A recent paper by Jobanputra (Jobanputra and
Clausi, 2006) tackles the boundary response problem
by choosing a set of texture features which give a
smoothed step response at object boundaries for a
given dataset. If segmentation is then run at a high
enough scale the boundary response values will be
assigned to classes either side of the boundary. This
approach is not data and model independent and it is
difficult to prove that a given feature extraction
algorithm will always give a smoothed step edge at
object boundaries for a given data type. Also since
we may only choose features which give a smoothed
step edge this limits the texture features which may
be used therefore reducing class separability
Another approach to tackle the boundary
response problem is to perform separable 2-D
median filtering of the feature images. Median
filtering is a smoothing technique which can
preserve discontinuities in a step function (Lim,
1989). It is robust to noise or outliers having a size
less then half the size of the median filter used. Thus
any median filter used to remove object boundary
responses must be at least twice the width of any
object boundary response if it is to be removed.
From the above discussion, the separable median
filtering approach of (O'Callaghan and Bull 2005)
represents the current best solution to the boundary
response problem. It is data and model independent,
can remove boundary responses that are either
negative or positive in relation to neighbourhood
values and also removes responses which are due to
a pure intensity edge. In the following section we
will perform a detailed evaluation of the different
types of boundary responses that may occur and the
results after this separable median filtering approach
has been applied in an attempt remove them.
3 TYPES OF OBJECT
BOUNDARY RESPONSES AND
MEDIAN FILTERING
When a window extracting texture features moves
across the boundary between two objects one of a
number of responses may occur. The first is a
response which is similar to a smoothed step edge as
shown in Figure 4(a). The result after applying a
median filter with greater extent then twice the
width of the boundary response is shown in Figure
4(b). Median filtering fails to remove such a
boundary response.
(a) (b)
Figure 4: A smoothed step like boundary response is
shown in (a) and the result post median filtering in (b).
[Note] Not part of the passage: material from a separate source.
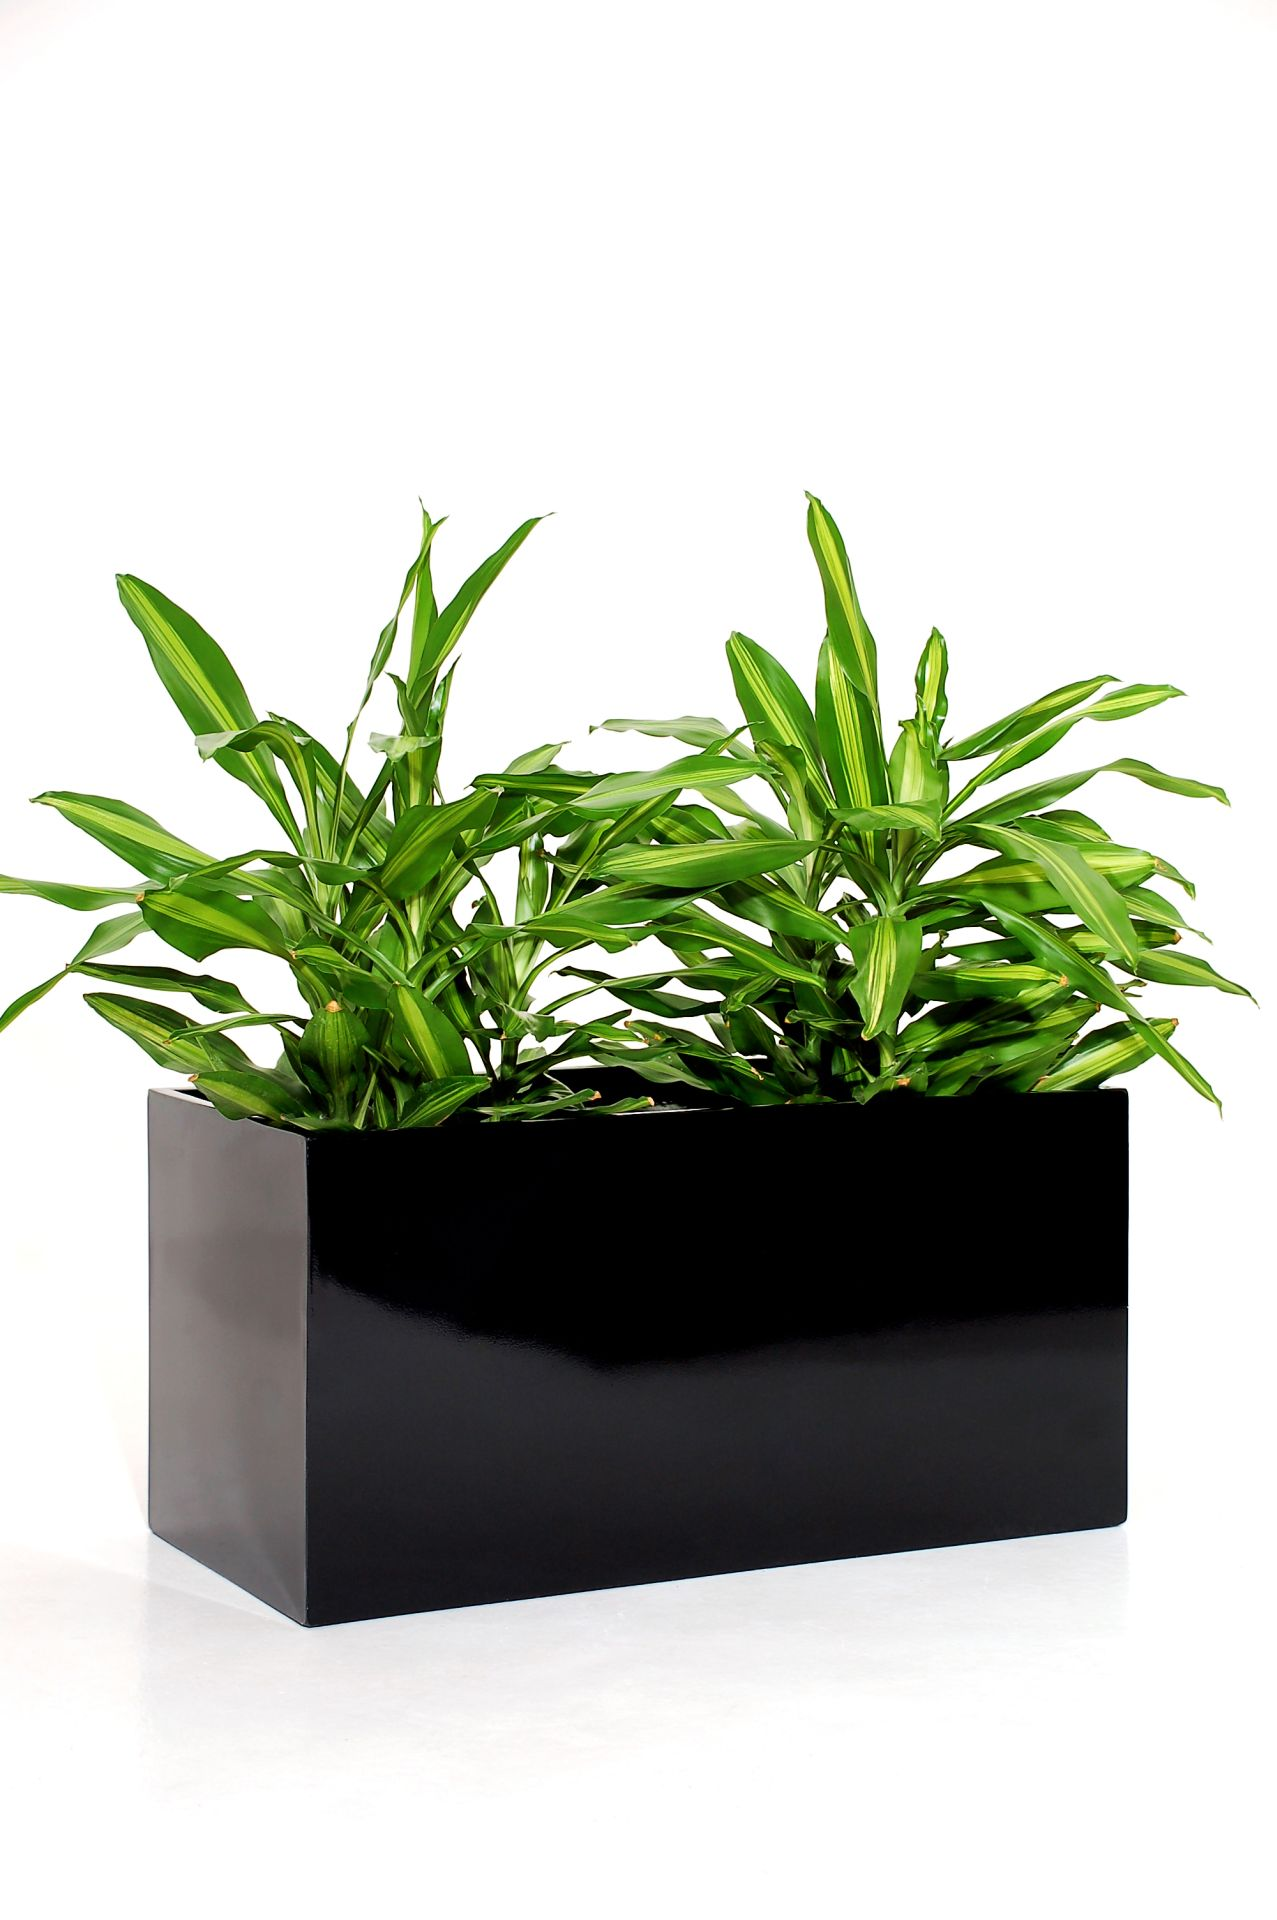 Blumenk bel pflanzk bel pflanzgef e pflanztrog fiberglas for Fiberglas eigenschaften

A second type of boundary response which may
occur is a response which is positive with respect to
neighbouring values. An example such a response is
shown in Figure 5(a) and the result after applying a
median filter with greater extent than twice the
width of the boundary response is shown in Figure
5(b). Although median filtering removes the part of
the boundary response which is positive with respect
to all neighbouring values, it fails to remove the
section of the response which resembles a smoothed
step edge.
Other forms of boundary response which may
occur include a response which is negative with
respect to neighbouring values. No response to a
boundary between two objects which have similar
REMOVING THE TEXTURE FEATURE RESPONSE TO OBJECT BOUNDARIES
365
texture properties and respond equally to the texture
feature extraction algorithm. This is represented in
two dimensions by a straight horizontal line. A
positive or negative response relative to similar
neighbouring values on both sides, this is
represented in two dimensions by a straight
horizontal line containing a region of relative
positive or negative values. A pure intensity
boundary usually results in this form of boundary
response.
In all the above forms of texture boundary
responses, separable median filtering will remove
the section of the response which is positive or
negative with respect to neighbouring values on both
sides. It will fail to remove a section of the response
if it contains values which are between the two
levels on either side as shown in Figures 4 and 5.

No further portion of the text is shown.